We see that the “unadjusted” method detects the “true effects” at the highest frequency with on average 97% correctly detected effects. Does this mean that we should use uncorrected tests then? Well, maybe, but these do not control the family-wise error rate. While we have a better chance to detect a true effect, we also have a higher risk of flagging false positives.

Additionally, it looks as if the rwolf and wyoung methods detect the true positives at a slightly higher rate than the Bonferroni method.

Do these findings generalize to other effect sizes? We can check this by simply imposing different effects on the data generating process and repeating the previous exercise multiple times.

def run_power_simulation_vary_effect():
    "Run power simulations with varying effect sizes."
    n_points = 10
    max_val = 0.7

    effects = (
        np.sign(np.linspace(-1, 1, n_points))
        * max_val
        * (np.linspace(-1, 1, n_points) ** 2)
    )

    res_list = []
    for effect_size in tqdm(effects):
        res = run_power_simulation(n_iter=1000, rho=0.5, effect=effect_size)
        res["effect"] = effect_size
        res_list.append(res)
    return pd.concat(res_list, axis=1).T.set_index("effect")

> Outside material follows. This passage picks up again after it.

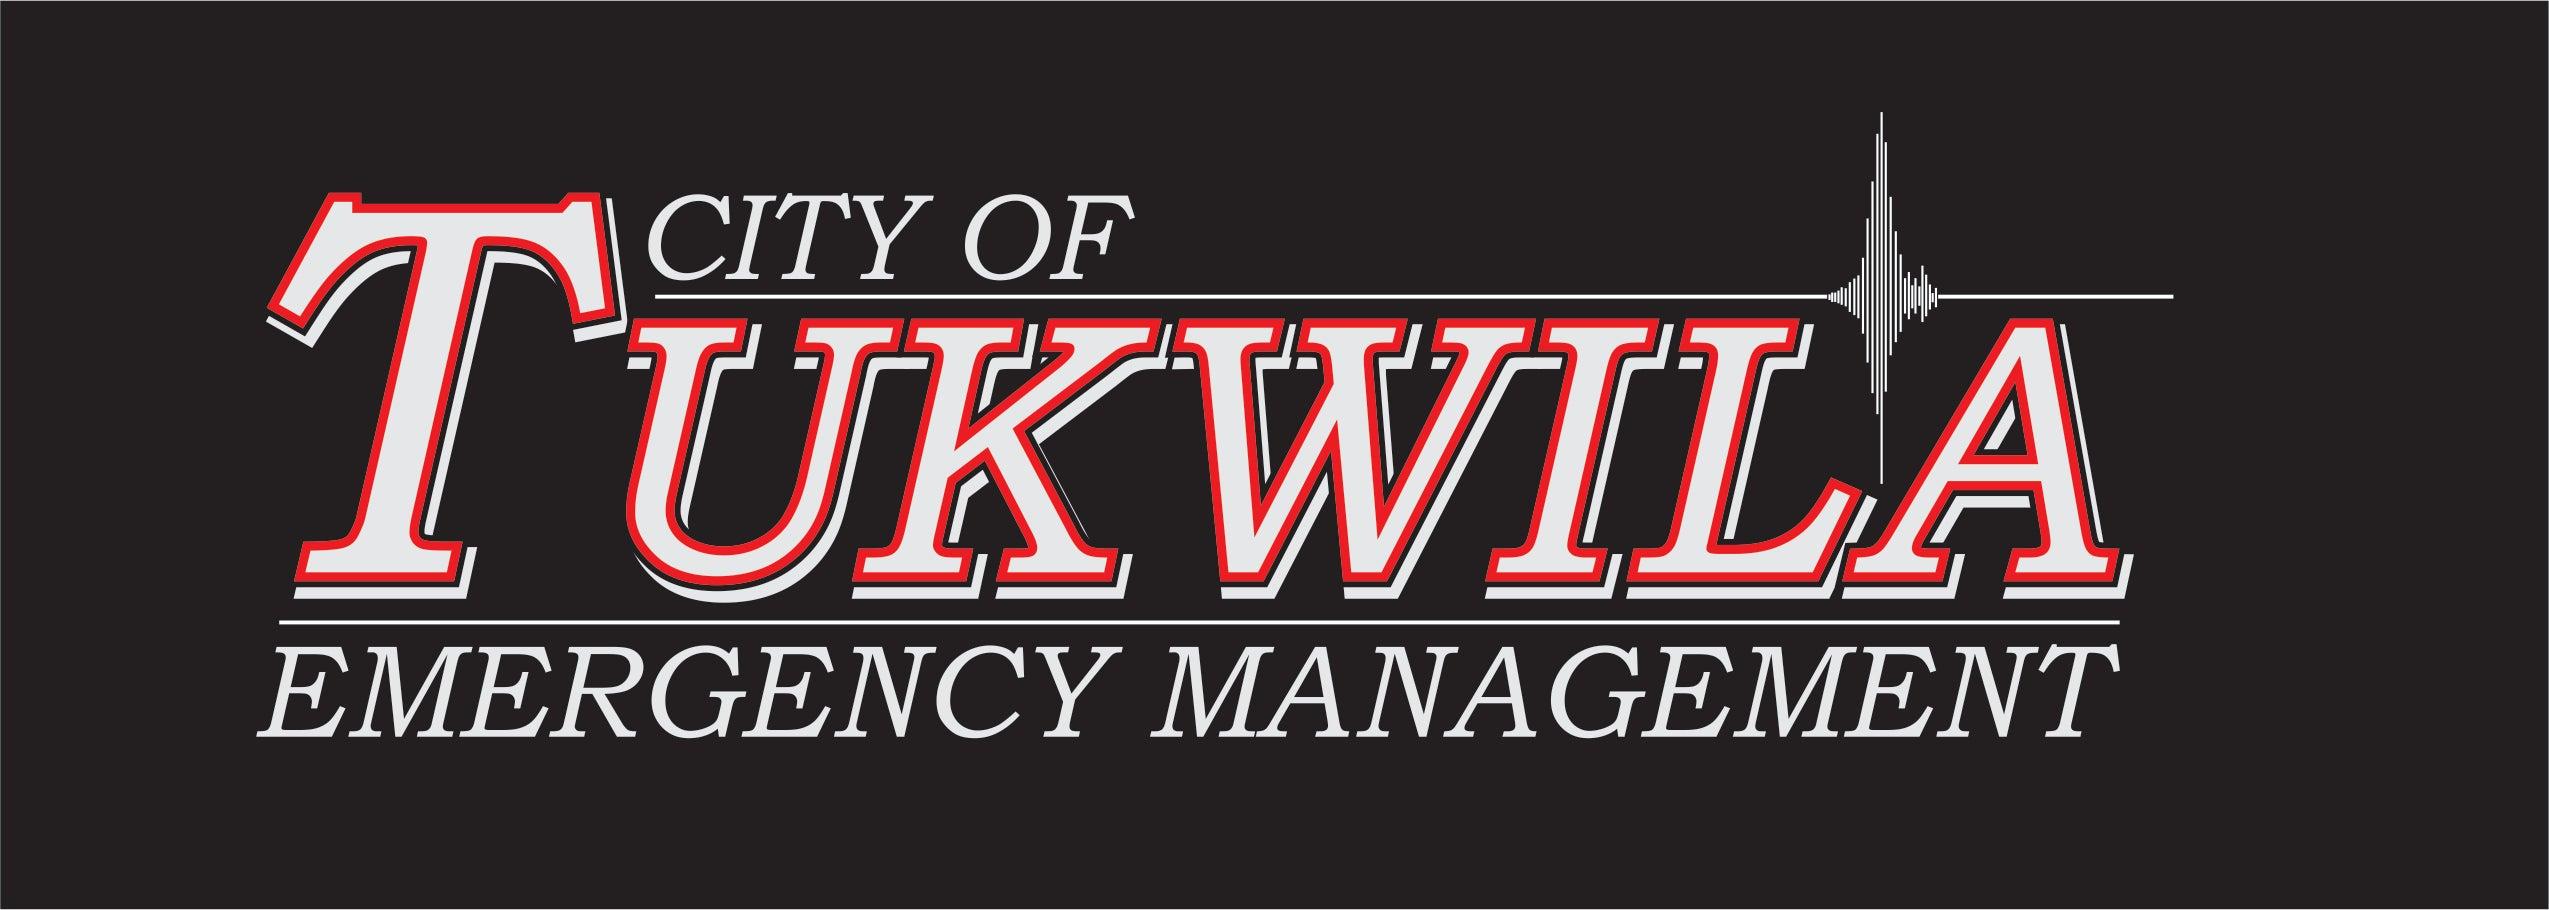 About ALERT King County - City of Tukwila
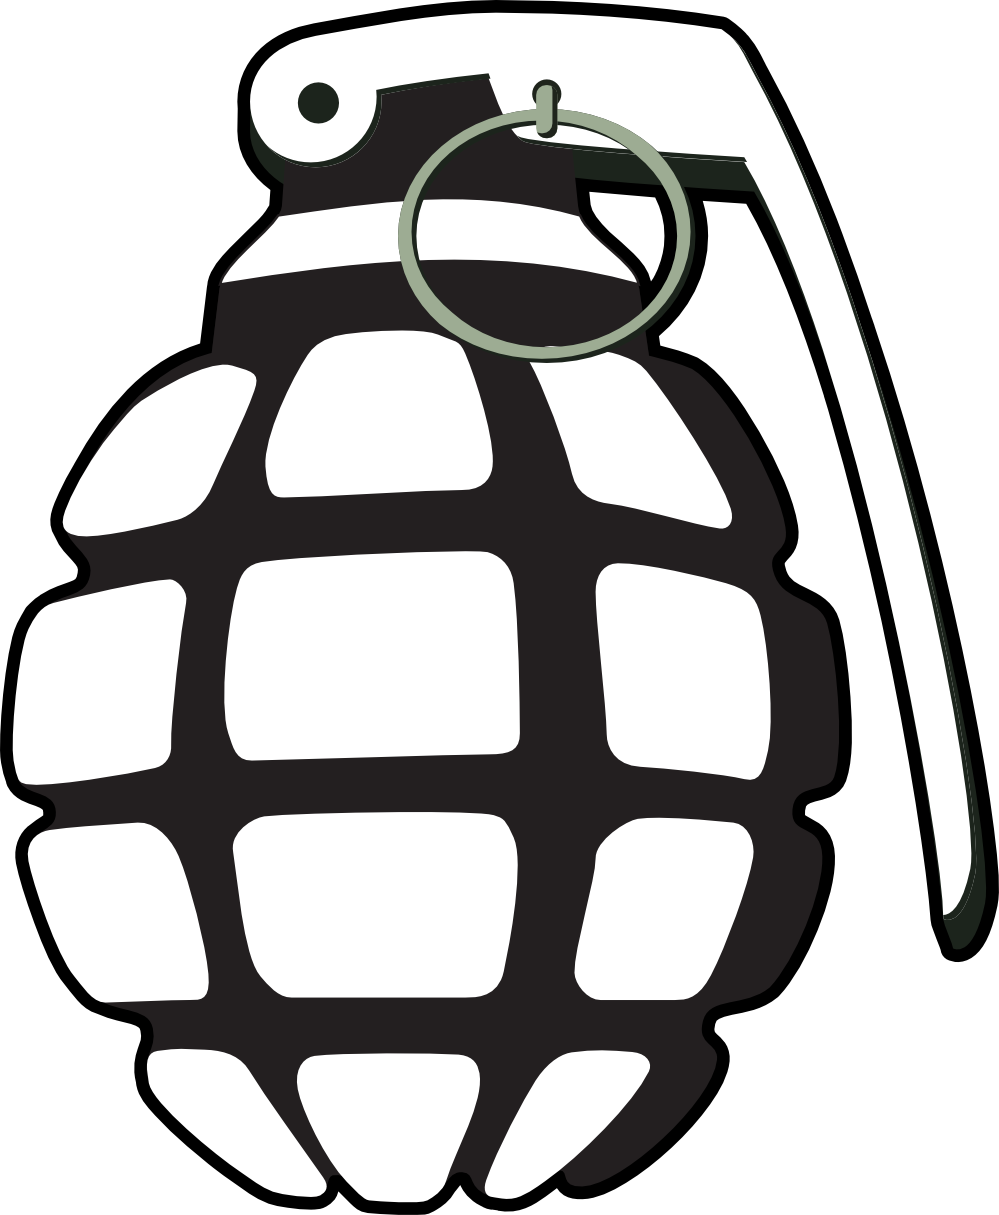 Drawn grenade #5

res = run_power_simulation_vary_effect()
100%|██████████| 1000/1000 [10:54<00:00,  1.53it/s]
100%|██████████| 1000/1000 [10:17<00:00,  1.62it/s]
100%|██████████| 1000/1000 [10:05<00:00,  1.65it/s]
100%|██████████| 1000/1000 [10:09<00:00,  1.64it/s]
100%|██████████| 1000/1000 [10:25<00:00,  1.60it/s]
100%|██████████| 1000/1000 [09:54<00:00,  1.68it/s]
100%|██████████| 1000/1000 [09:44<00:00,  1.71it/s]
100%|██████████| 1000/1000 [10:53<00:00,  1.53it/s]
100%|██████████| 1000/1000 [14:32<00:00,  1.15it/s]
100%|██████████| 1000/1000 [14:38<00:00,  1.14it/s]
100%|██████████| 10/10 [1:53:04<00:00, 678.48s/it]
column_to_label_dict = {
    "Pr(>|t|) detect effect": "Unadjusted",
    "Bonferroni detect effect": "Bonferroni",
    "rwolf detect effect": "RW",
    "wyoung detect effect": "WY",
}

plt.figure(figsize=(10, 6))
line_styles = ["-", "--", "-.", ":"]
for column, line_style in zip(res.columns, line_styles):
    plt.plot(
        res.index, res[column], linestyle=line_style, label=column_to_label_dict[column]
    )

plt.title("Power of Multiple Testing Correction Procedures")
plt.xlabel("Effect")
plt.ylabel("Proportion of correctly detected effects")
plt.legend()
plt.grid()
plt.show()

We see that for any simulated effect size, the Romano-Wolf and Westfall-Young methods detect a higher share of true positives than the Bonferroni method: they have higher power.

Literature

  • Clarke, Damian, Joseph P. Romano, and Michael Wolf. “The Romano–Wolf multiple-hypothesis correction in Stata.” The Stata Journal 20.4 (2020): 812-843.
  • Romano, Joseph P., and Michael Wolf. “Stepwise multiple testing as formalized data snooping.” Econometrica 73.4 (2005): 1237-1282.
  • Westfall, Peter H., and S. Stanley Young. Resampling-based multiple testing: Examples and methods for p-value adjustment. Vol. 279. John Wiley & Sons, 1993.